Vulnerability Management

The Story That Never Was Comes to an End

by  •  • Comments Off

Last week, Steve Gibson accused Microsoft of having a secret backdoor built into its WMF code. When I first responded to reporter questions, here is what I said:

This is the type of thing that happens when really good developers start doing security work. They are surprised at how really bad some developers are. I predict someone with real security experience will be able explain this fairly quickly.

I don’t know many programmers who would go on the air with an accusation like that without having consulted with anyone else, anywhere. Certainly, no security researcher would do that.

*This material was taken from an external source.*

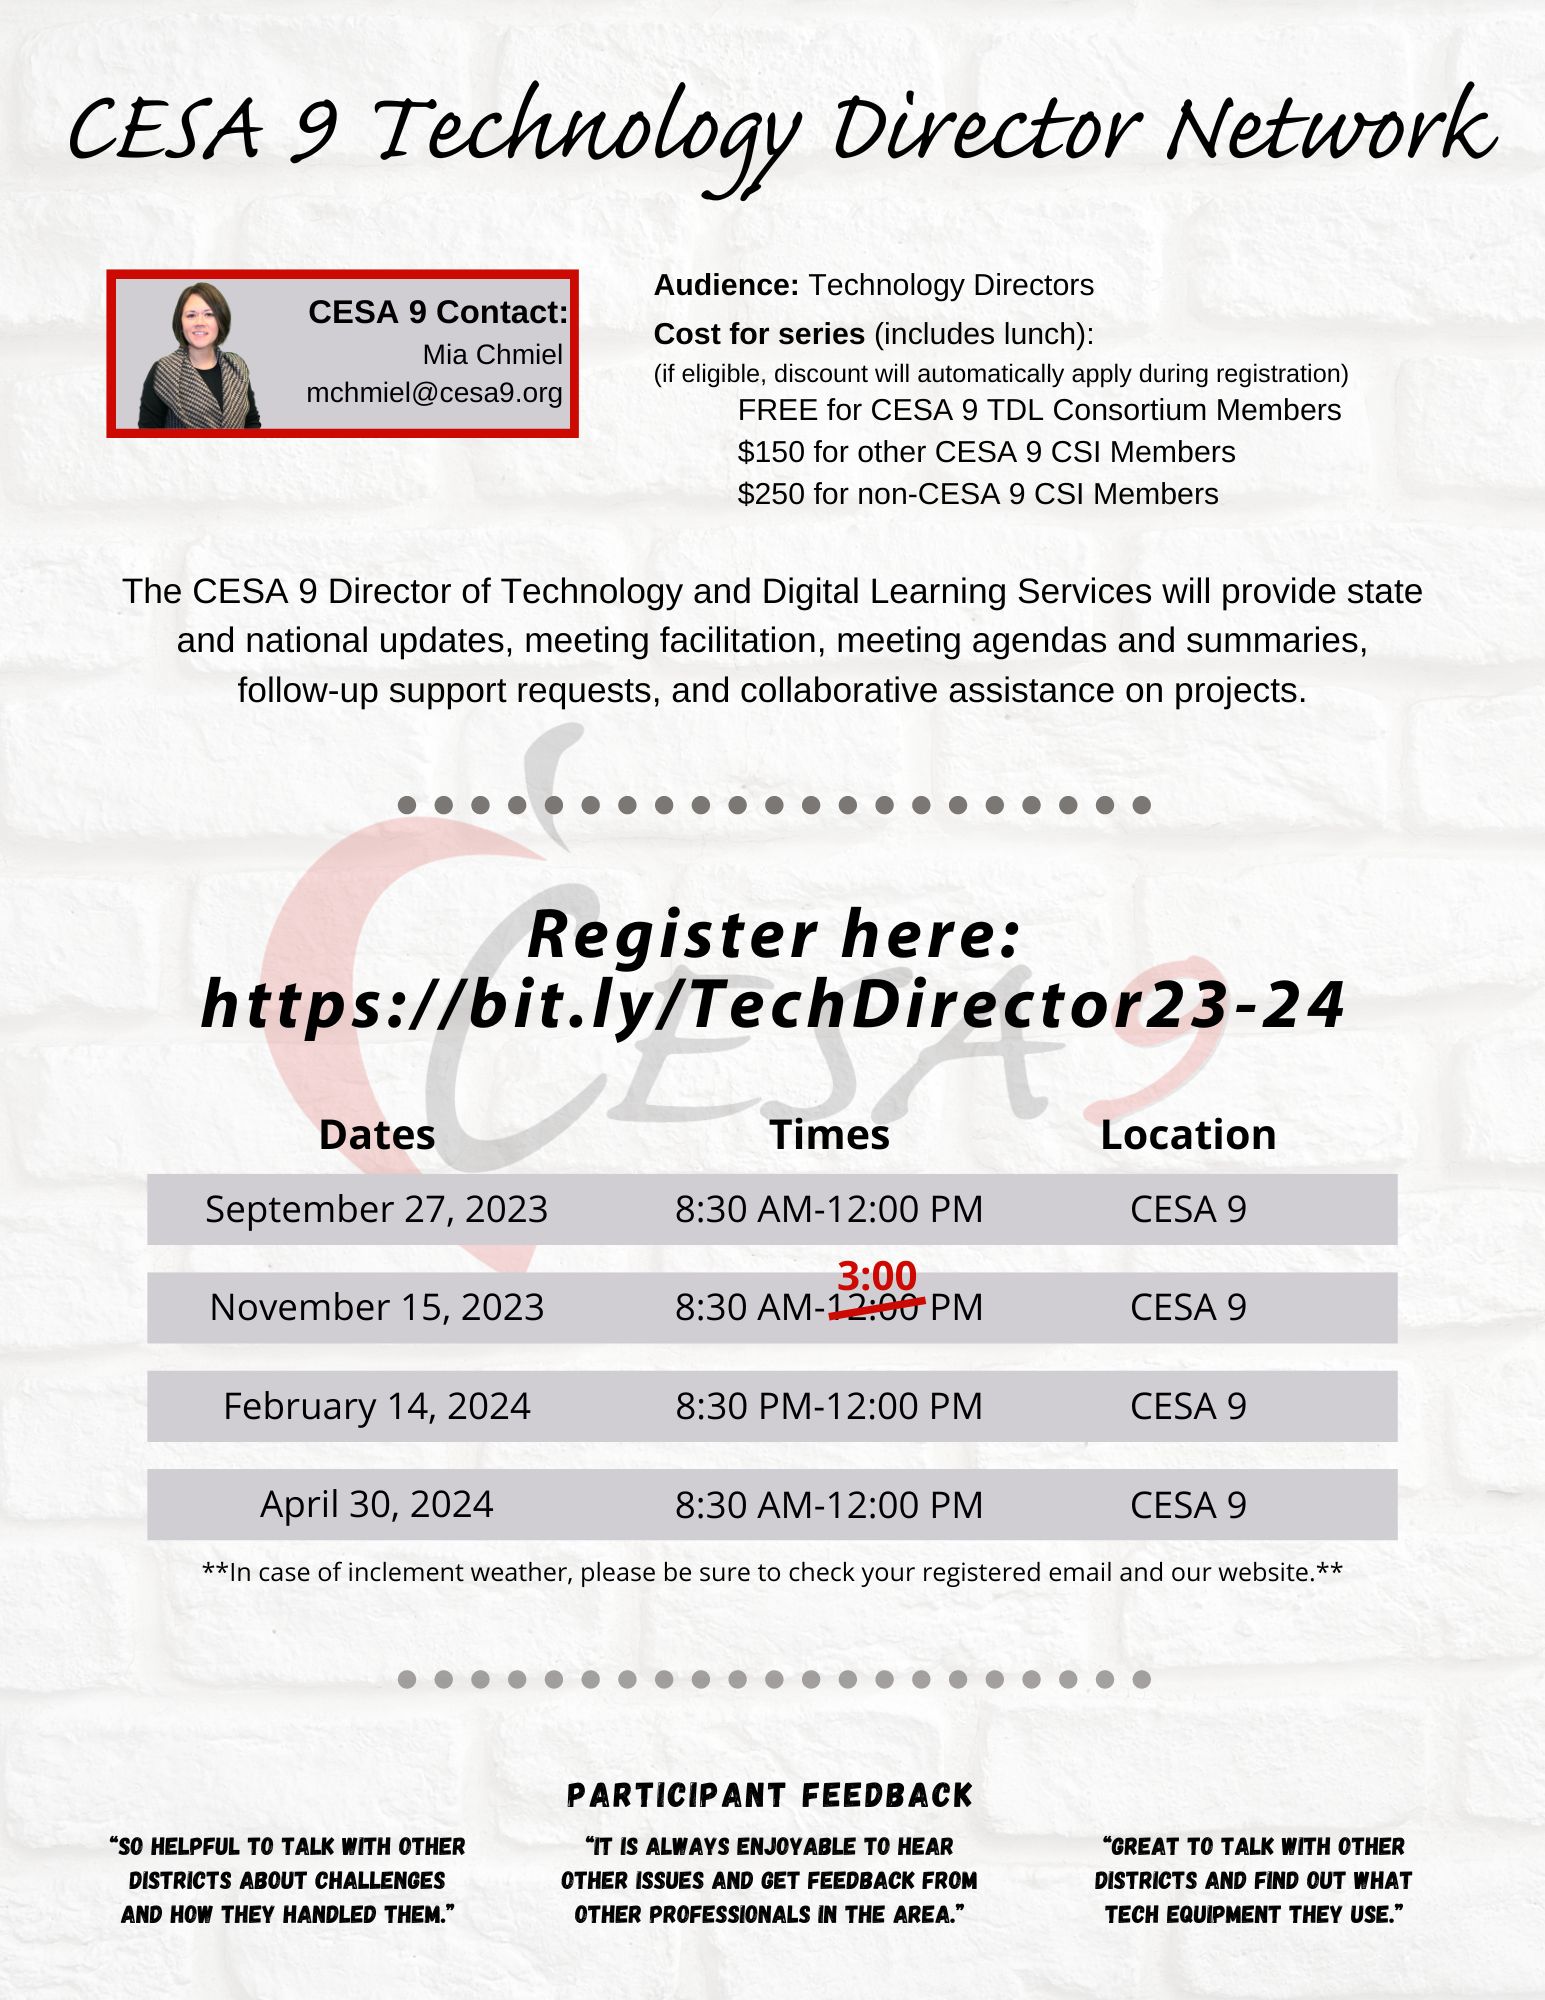 CESA 9 Technology Director Network flyer image

It could be something as simple as he’s reading the documentation incorrectly. We know that the offending function is a throwback to 16-bit windows, so who knows how they decided to maintain the backwards compatibility.

Steve must be shooting to be in his namesake Mel’s Conspiracy Theory 2. [Hey, I gotta have some fun ;-) ]

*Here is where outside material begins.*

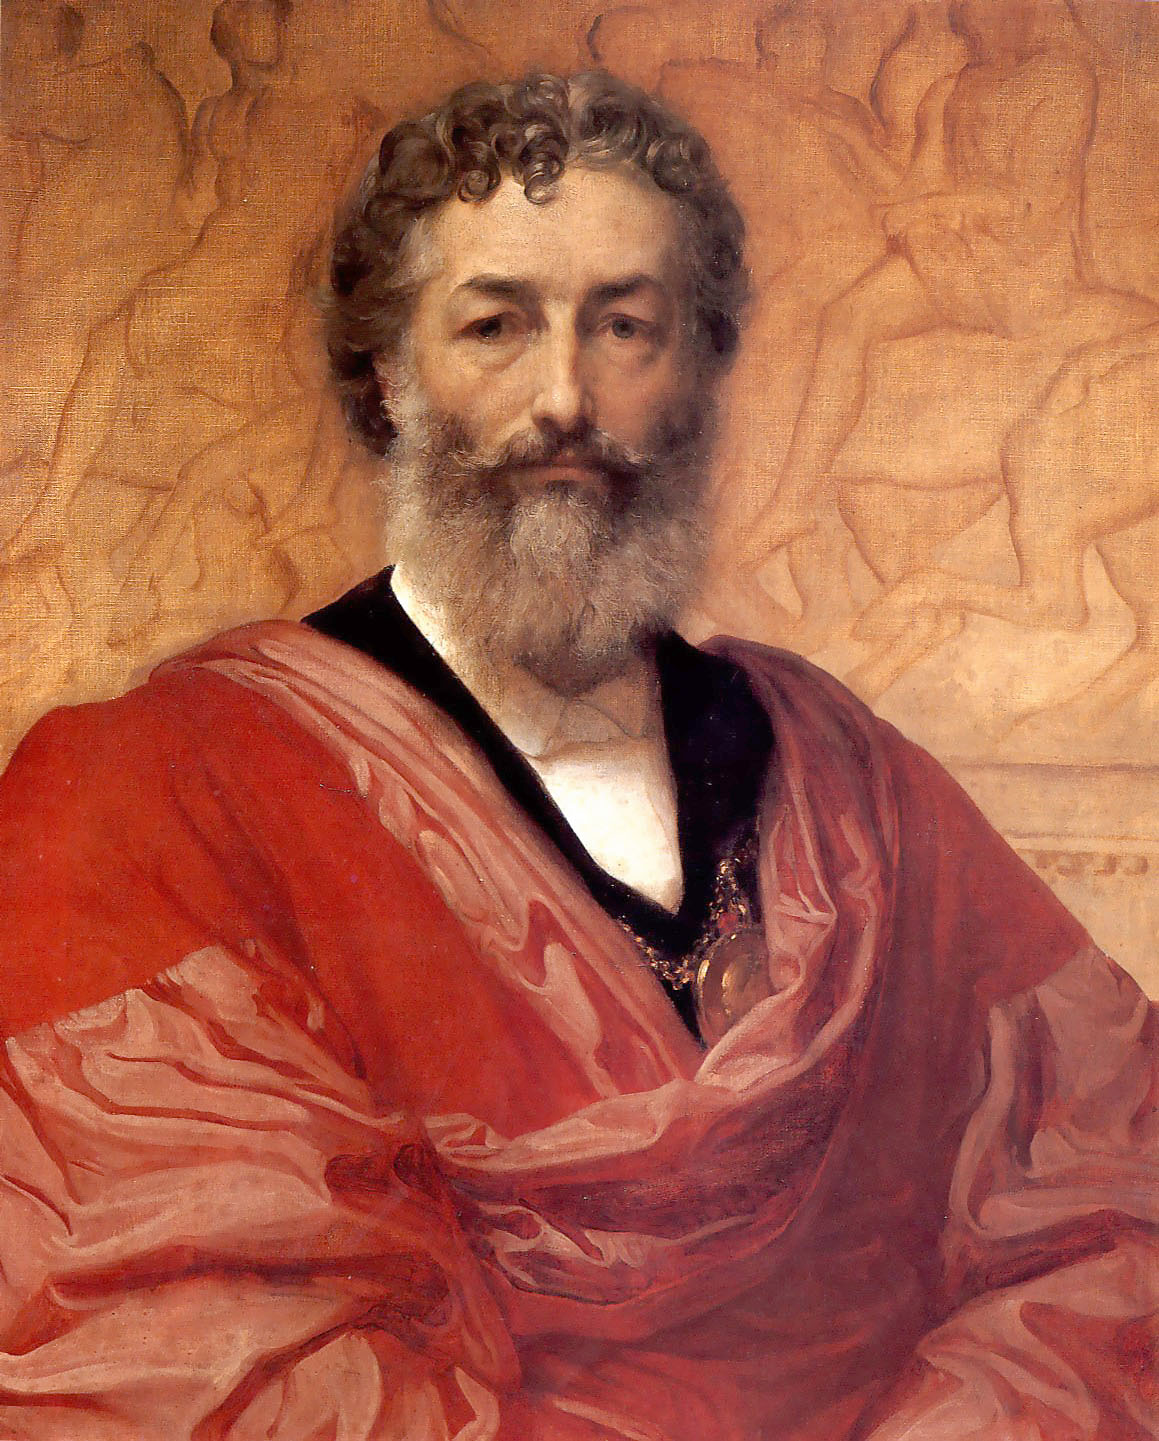 https://upload.wikimedia.org/wikipedia/commons/f/f3/1880_Frederic_Leighton_-_Self_portrait.jpg

Later that evening, Microsoft came out with their response. Then the story took off from there. I don’t think the WMF Backdoor was even covered by most news sources until after the rebuttal. Microsoft’s response was more newsworthy than the accusation itself.

Well, it appears that Mark Russinovich has done the work to explain this problem. Though he is not what I would call a "security researcher" he knows Windows Internals better than anyone (his book with David Solomon, "Windows Internals" is fantastic). Here is the key paragraph:

Steve’s example WMF file contains only one record, the one that specifies SetAbortProc, so under normal circumstances PlayMetaFile will never call his abort procedure. The record sizes that he found trigger its execution cause PlayMetaFile to incorrectly increment its pointer into the WMF file such that it believes that there are more records to process, whereas the values he used that don’t trigger the execution land it on data values that indicate there are no more records. So his assertion that only certain magic values open the backdoor is wrong.

And so we ride off into the sunset, ever on the lookout for that next conspiracy. (I sure hope Steve Gibson keeps us updated like he said he would. Russinovich states that he gave his findings to him on Monday and he’s made a number of postings since then.)